Thursday, November 12, 2009

SLA Management for SaaS

“God does not ask about our ability, but our availability.” (Source unknown)

(Yet another chapter in the book - keep the feedback coming!)

As the second ‘S’ of SaaS indicates, the on-demand company is all about providing a service and therefore one would expect Service Level Agreements to be well defined and understood in this industry, but the facts tell another story. Few SaaS companies pay much attention to the SLAs, few companies really invest in it and most customers are quite clueless about it as well.

SLAs are tricky. Every SaaS provider is supposed to adhere to its service level commitments but on the whole, it is a document that most providers tend to keep out of the limelight and out of the conversation with customers. Judging from my experience, many SaaS companies use a single, non-abiding, standard SLA for all customers, keeping to a minimum their commitments and consequences.

An SLA, as its name suggests, is an agreement between the service provider and the consumers, consisting of sections regarding the various commitments to service levels that will be matched or exceeded.
Each section is defined as a Service Level Objective (SLO).

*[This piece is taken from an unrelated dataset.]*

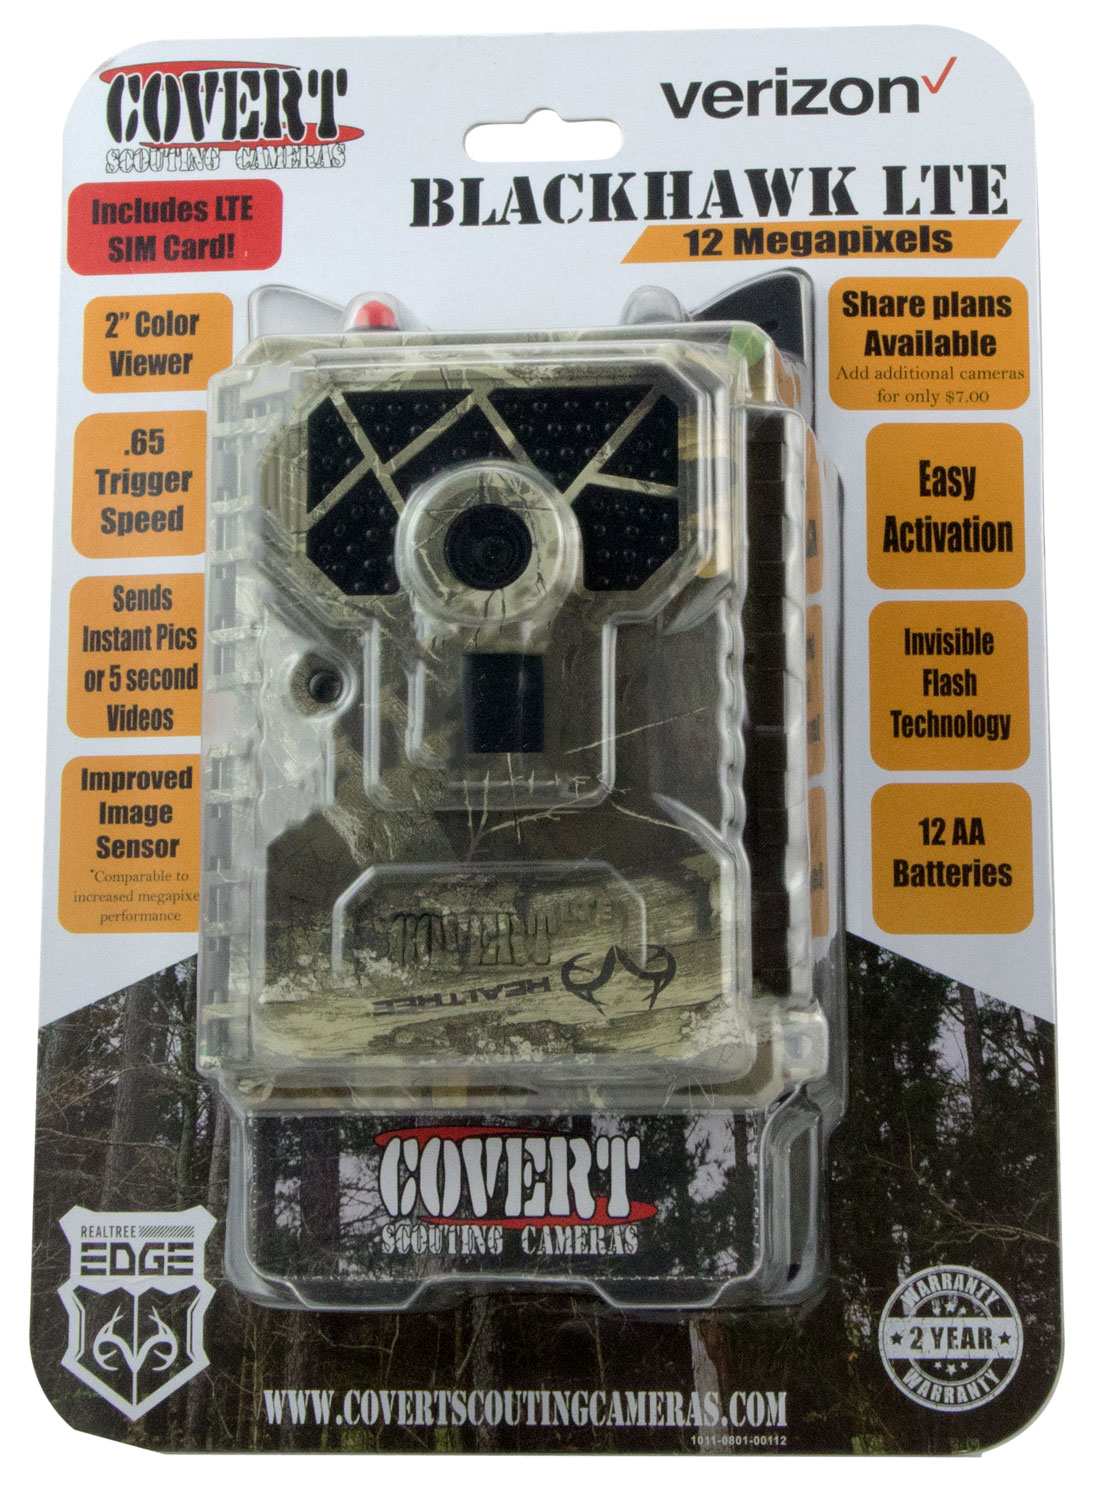 Covert Scouting Cameras 5465 Blackhawk Verizon LTE Realtree Edge 2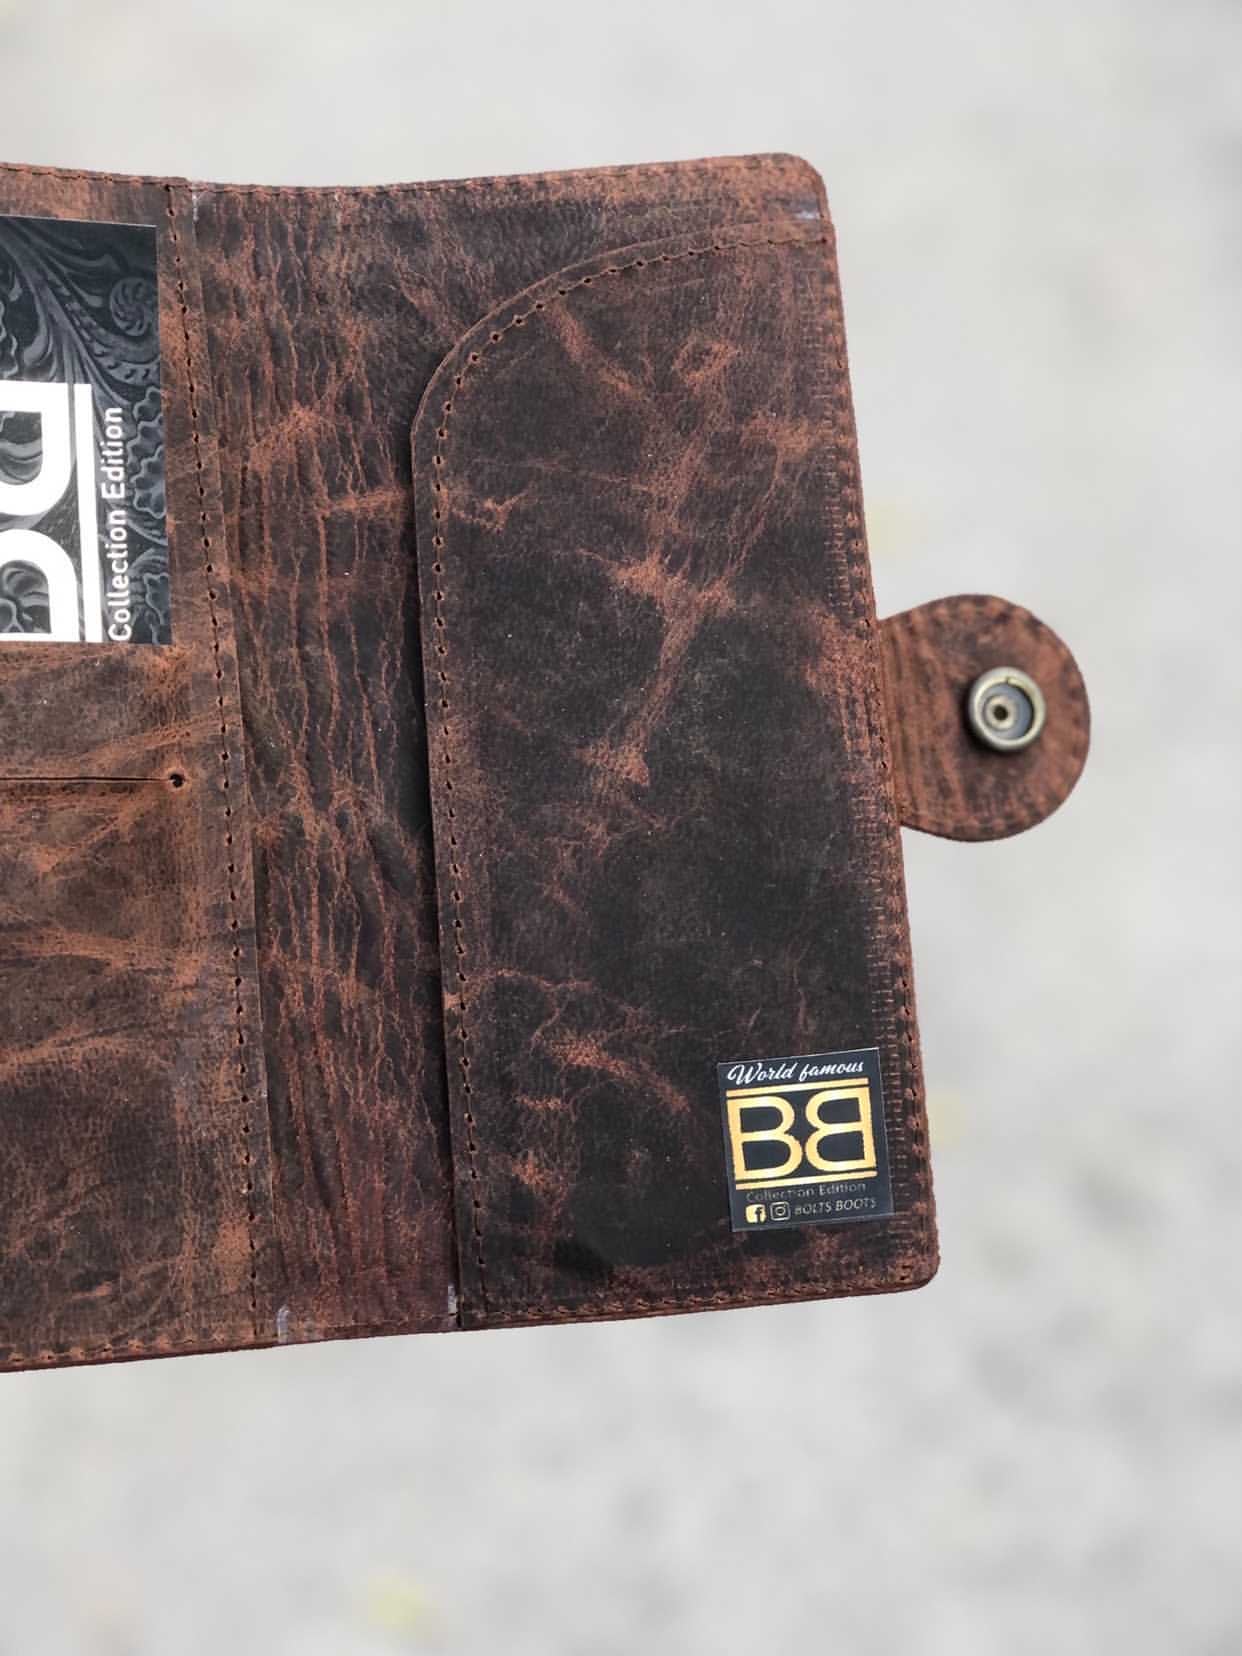 Mahogany California handtooled wallet by Boltsbootsbrand

A typical SaaS SLA should have the following SLOs:
  • Service Availability – define the availability of the service represented in percentage (e.g. 99.95% uptime)
  • System Response Time – define response time of various transactions represented in seconds. (e.g. login should not take more than 9 seconds)
  • Customer Service Response Time – a response on customer enquiries should take no more than an allotted time for various services (e.g. enabling a service for a new group should take less than two business days)
  • Customer Service Availability – hours of availability of customer service represented in a ‘hours per day’ notation. (e.g. 11X5 for regular customers, 24X7 for platinum customers)
  • Service Outage Resolution Time – the times it takes to restore a service after an outage has been reported. Represented in minutes and hours (e.g. 30 minutes for a full system outage)
  • Failover Window For Disaster Recovery - how long will it take to restore the service in a disaster recovery site, if disaster disables the main datacenter.
  • Reclaiming Customer Data – a commitment to transfer all (agreed) data in an agreed format in case the customer leaves the service.
  • Maintenance Notification – the advance notice that the provider will notify customers of planned service outages, represented in days. (e.g. a planned downtime that will take more than one hour requires 10 business days notification)
  • Proactive Service Outage Notification - the time it takes for the provider to inform the customer that there are service issues, represented in minutes.
  • RFO (Reason for Outage) – a report to customers following a service outage explaining the circumstance, the incident and steps taken to remedy the problem. (For more information see the chapter on Incident Management). Some customers require an RFO automatically; in some SLAs it is written that an RFO will be generated only following a specific customer request. Usually the company commits to three business days following the service disruption.
Note the emphasis on should when referring to the SLOs of the document. The SLA provided by most on-demand companies consists of two or three paragraphs at most, regarding uptime, customer service availability and perhaps another one of the items above.
Many providers have additional services such as daily reports, daily data aggregations, or FTP services. Each one of these services merits an SLO that should be part of the document.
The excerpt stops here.